Коля перевел дух и неожиданно всхлипнул, словно после долгих слез еще не окрепло и не успокоилось дыхание.
— Должно быть возмездие, — упрямо сказал он. — Должно быть…
— Возмездие, — усмехнулся Андрей Николаевич. — Ишь ты, какое слово знаешь… Хорошо, уничтожим тех, кто расстреливал, набьем еще десяток ям, зальем известкой. Кстати, а чьими руками? Ты пойдешь в расстрельщики?
— Я?
— Ты, ты! Поднимется у тебя рука?
— На таких гадов поднимется! — отрезал внук.
Андрей Николаевич ссутулился, опершись на палку, рука сама собой нащупала шрам на лице, пальцы пробежали его сверху вниз — боль скривила рот и отяжелила щеку.
— Что же, карай. Можешь начать с меня.
— Дед, перестань!
— Карай, внучок! Во имя светлого будущего. Ради справедливости!
— Ну, при чем здесь ты?! — закричал Коля. — Если и был за тобой грех, так ты за него лагерями рассчитался. И не только за свой. И что за привычка сразу себя выставлять?
— А мне больше некого, Коля. — Андрей Николаевич вздернул плечи и остался так стоять, будто шел против ветра.
— Начинается, — отмахнулся внук. — С тобой стало невозможно разговаривать!
— Конечно, я выжил из ума… Тогда растолкуй мне, недоумку, чем ты-то будешь отличаться от Деревнина, если пойдешь карать? Если у тебя рука поднимется на старого человека?
— Я не собираюсь карать! — в возбужденной растерянности проговорил Коля. — Я говорю в принципе!
— В нем и дело. Нужен только принцип, причина, а потом стреляй сколько влезет. Это же просто: подвел к дверям конюшни, толкнул и включил свет, чтобы ослепить…
— Погоди, дед! — Коля обнял Андрея Николаевича, прижался лицом к шраму на щеке. — Ты уже разозлился… И теперь будешь цепляться за слова. Я ведь не хотел с тобой ругаться. Ты меня должен понять… Я никогда не видел таких… Убийц видел, а таких… Приду в монастырь, представлю себе, как он… И ходит! И живет, сволочь! Неужели ты его простил?
— Простил, Коля, — признался Андрей Николаевич. — И жить нам надо теперь только так — простить все. Чтобы мне все простилось, чтобы я все простил. Не будет у нас такого дня Всепрощения — ничего не изменится. И снова загорится злоба, выплеснется обида и польется кровь. Когда же будет конец?.. И ты попытайся простить Деревнина. Простишь — человеком станешь.
— Не могу я, дед. — Он крепче обнял Андрея Николаевича, словно хотел спрятаться. — Перед глазами стена, люди и он…

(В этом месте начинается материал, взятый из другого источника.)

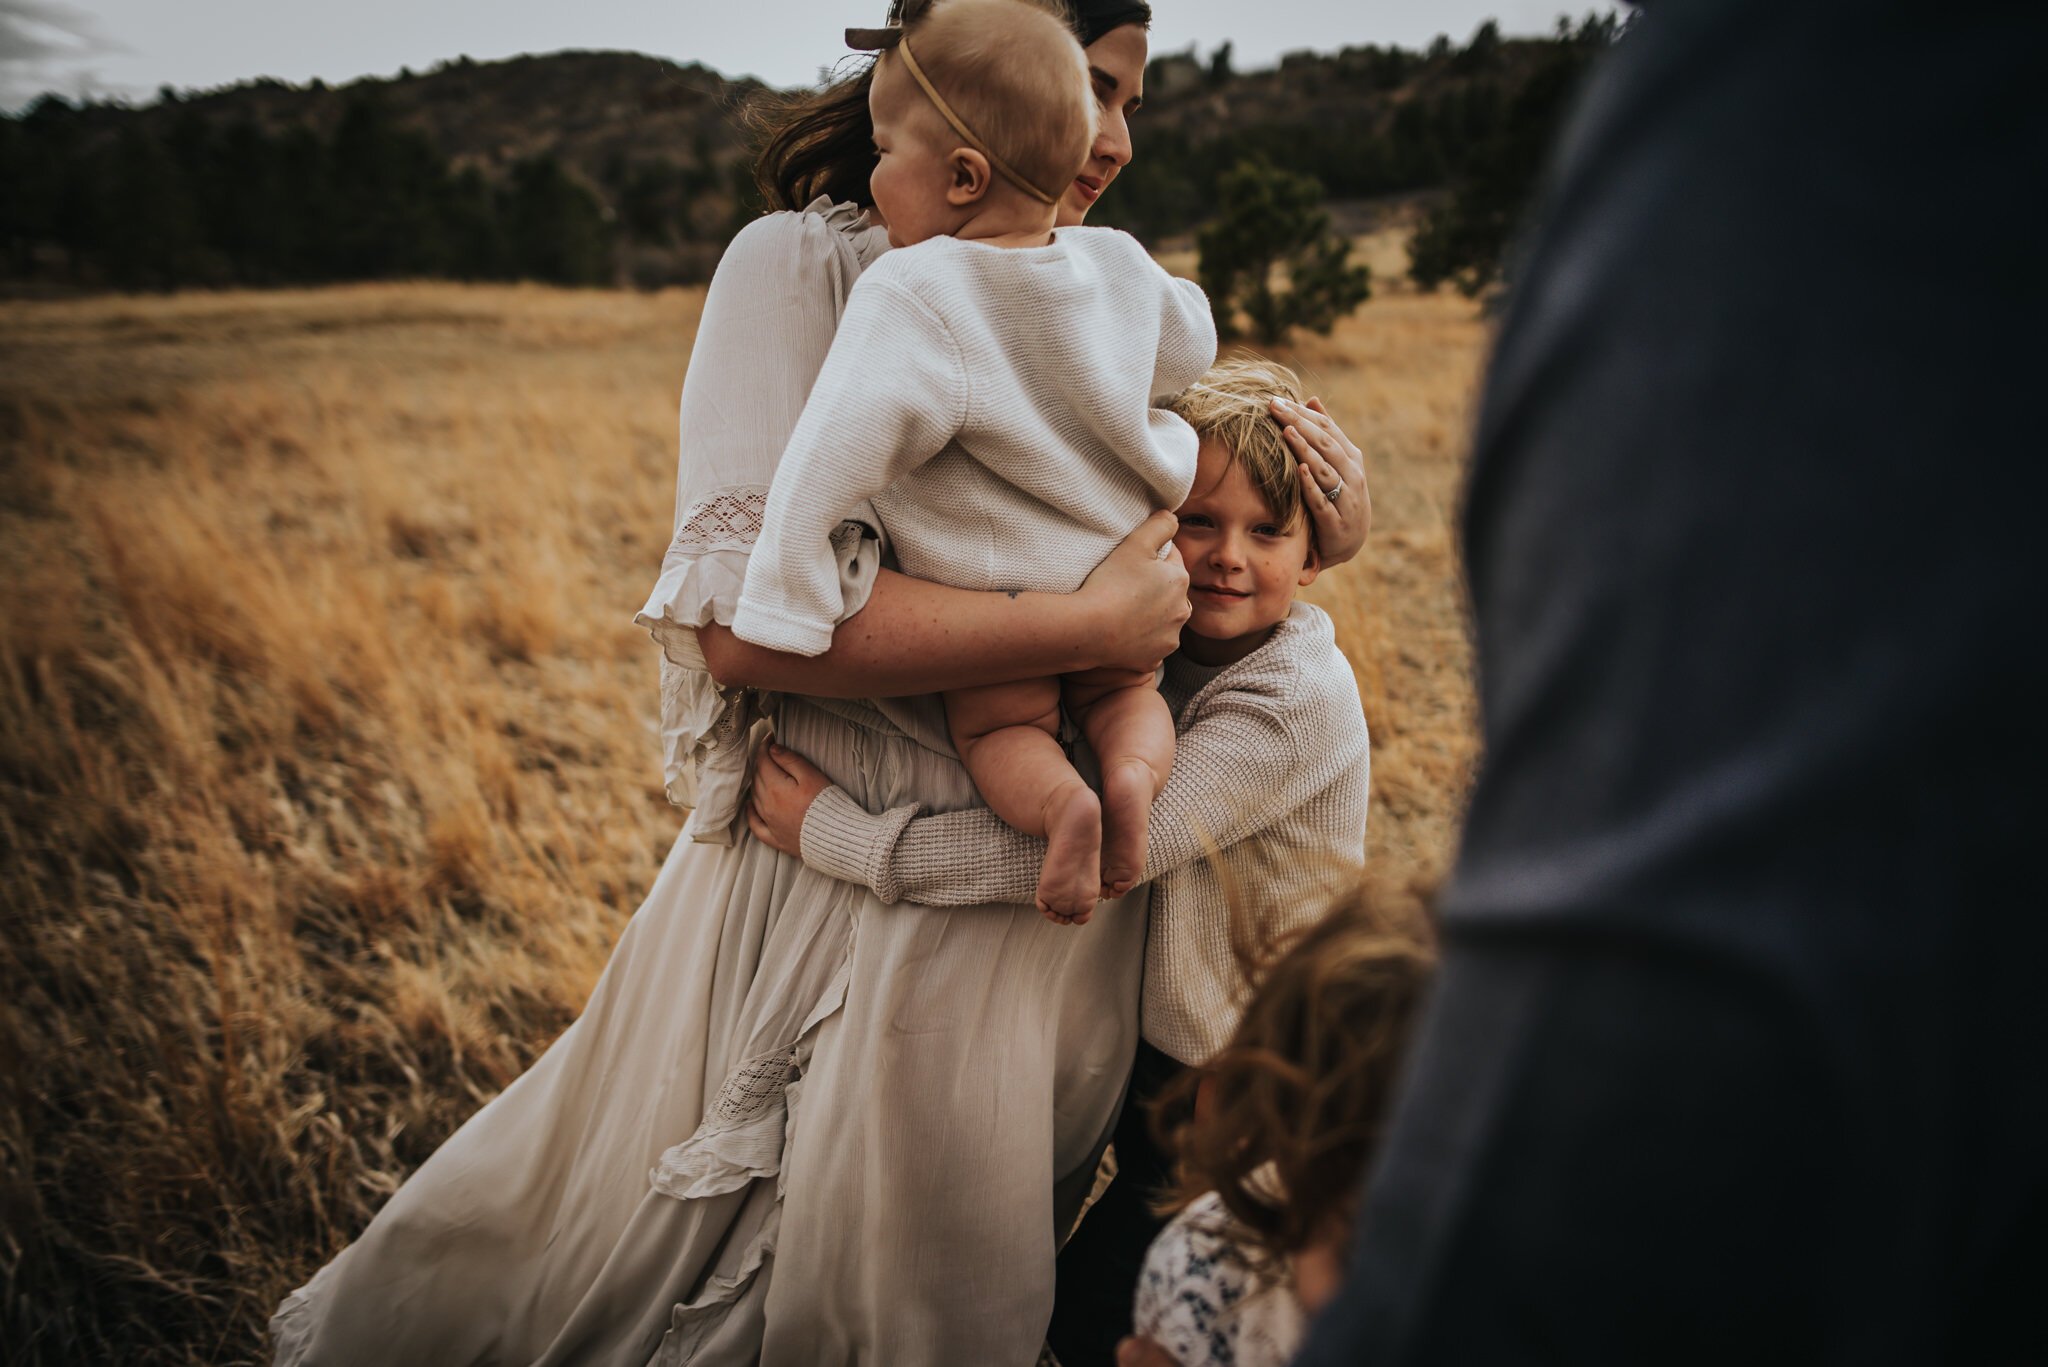 Miller+Family+Session+Mentorship+Colorado+Springs+Colorado+Sunset+Ute+Valley+Park+Mountains+Fields+Mom+Dad+Son+Daughter+Baby+Wild+Prairie+Photography-13-2020.jpeg
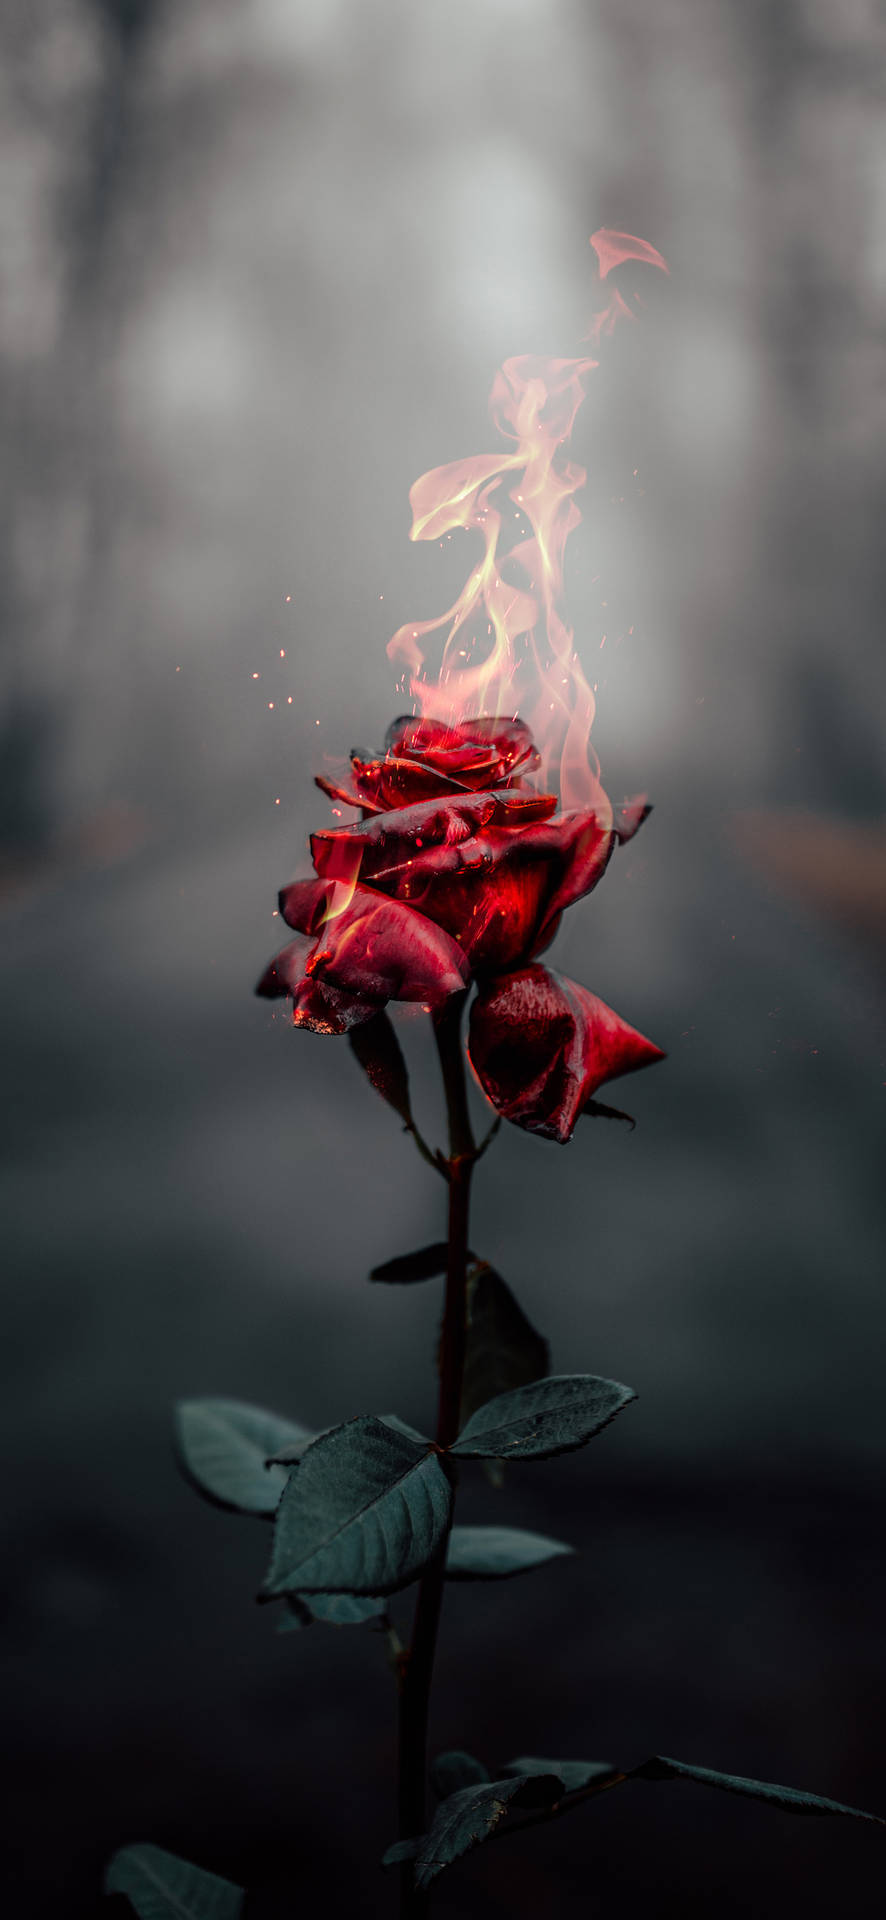 Iphone Aesthetic Flaming Rose

— А ты попробуй, — попросил Андрей Николаевич. — Вспомни, какой он жалкий, несчастный… Приглядись к нему и увидишь такое горе! Ведь он, Коля, без пути и без доли. Присмотрись, и не захочется тебе больше возмездия. Он несет самое страшное наказание; он не может разделить участь своего народа. Для него бы сейчас легче самому к той стене встать. Насильная смерть — это не путь для него. И суд — тоже. Он давно привык к насилию. Но твое прощение станет ему началом пути. Дай ему возможность хоть перед смертью человеком по белому свету пройти.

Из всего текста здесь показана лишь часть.